Estimated Time:less than a minute
After 4 years of postgresql management, I d'like to relate my experience.
Postgreql is incredible:
- its community is wonderful, the mailing list is very active and structured
- the recent years have been very productive for postgres, with many analytics improvements and perspectives
- it has one of the best support for transactions, and for example deal with DDL in transaction
- it's stable, we never had any crash in 4 years, or need to reboot the server
- it manage bot structured and unstructured data
- free text indexes and features are very advanced
However, sadly postgresql has some drawnbacks:
- it does not deal great with large volumne when comes analytics
- because it may be used for all batch ingesting, batch exporting, OLTP, dumps, analytics, the overall performances might be affected
- it does not scale horizontaly
- it has no fail over, or this lead to complex setup
Complementing postgresql with hadoop:
For this reason, it has been decided to externalize some responsibilities such batch exporting and analytics to an other technology that scale horizontally: hadoop.

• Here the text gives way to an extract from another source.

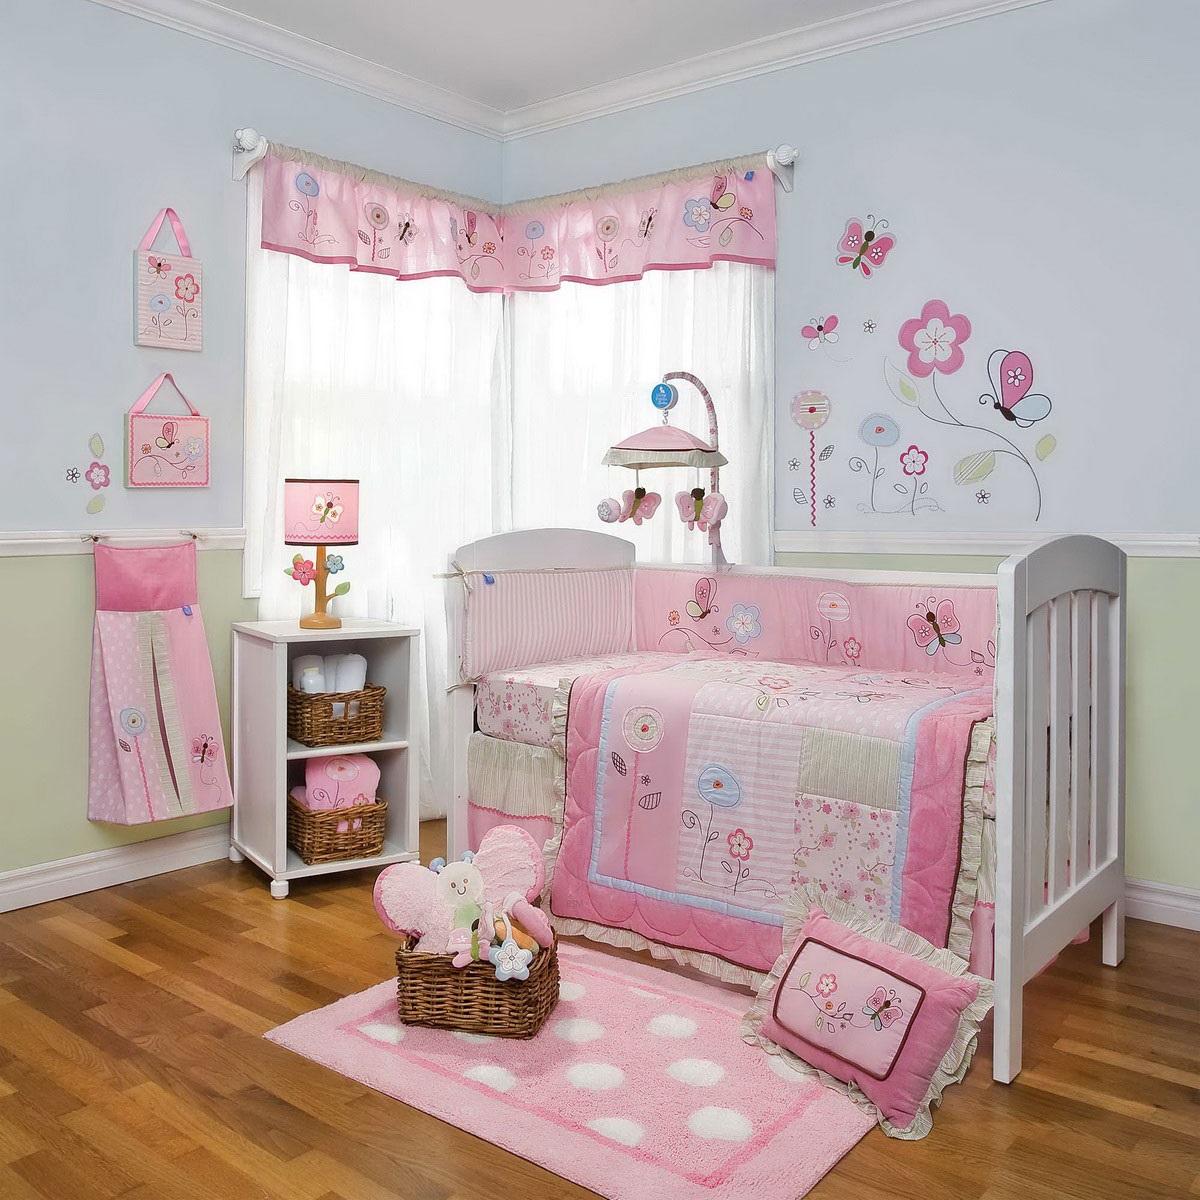 Мебель в комнате для новорожденной девочки

The good point is synchronizing data from postgresql to hive daily is easy thanks to incremental sqoop import on hdfs, based on indexed timestamps in postgreql. This allows pushing the data from postgresql to hive ready to analyse. The two tools interface well where hive does not handle sequence, or triggers, and postgresql does not manage huge data historisation, and columnar aggregation.
- While postgreqsl does not handle well aggregations on bilions rows, it's children greenplum is supposed to.
Let's envisage a greenplum post soon.